Material provided:
_ _ _ _

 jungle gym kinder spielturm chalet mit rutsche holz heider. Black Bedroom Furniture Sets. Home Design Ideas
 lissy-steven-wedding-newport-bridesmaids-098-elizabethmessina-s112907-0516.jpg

_ _ _ _

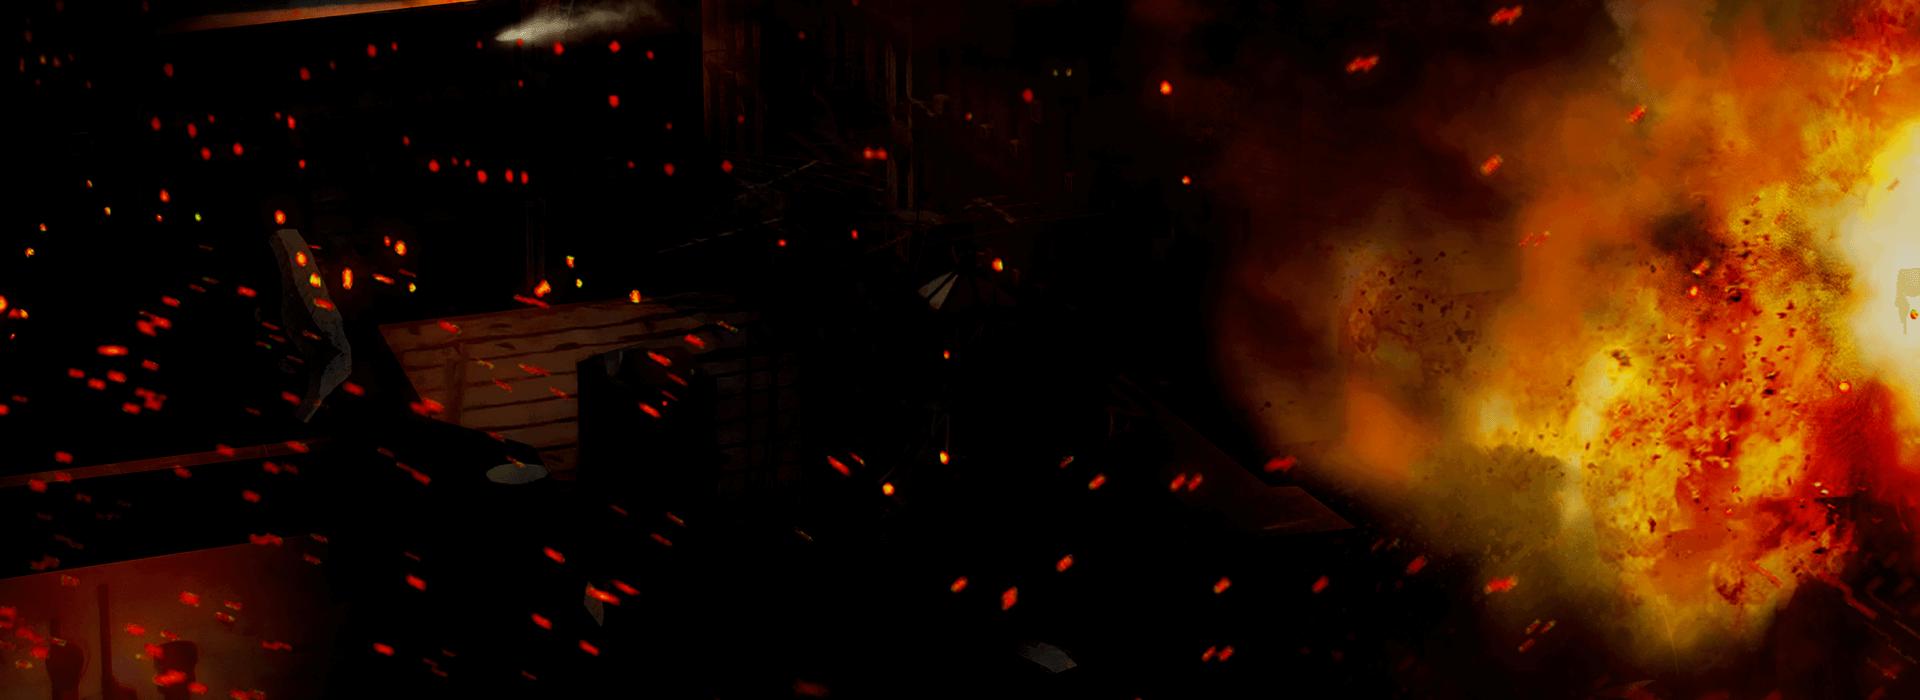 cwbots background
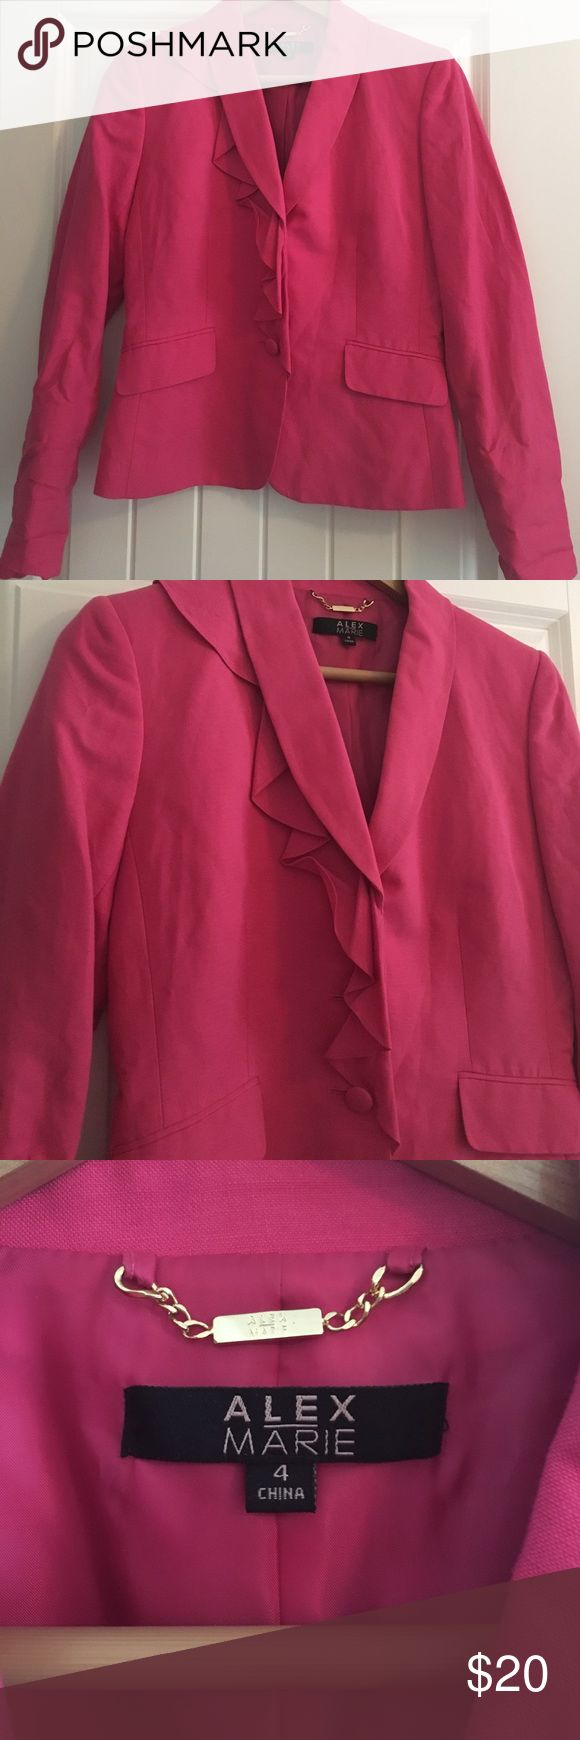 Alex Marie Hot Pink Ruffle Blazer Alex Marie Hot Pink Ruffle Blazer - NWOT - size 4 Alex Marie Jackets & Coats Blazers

_ _ _ _

What you should do:
Treat the line with "cwbots background" as the start and the line with "Alex Marie Hot Pink Ruffle Blazer Alex" as the end, and return exactly that span of the data above, both ends included, without pictures.

Task output:
 cwbots background
 Alex Marie Hot Pink Ruffle Blazer Alex Marie Hot Pink Ruffle Blazer - NWOT - size 4 Alex Marie Jackets & Coats Blazers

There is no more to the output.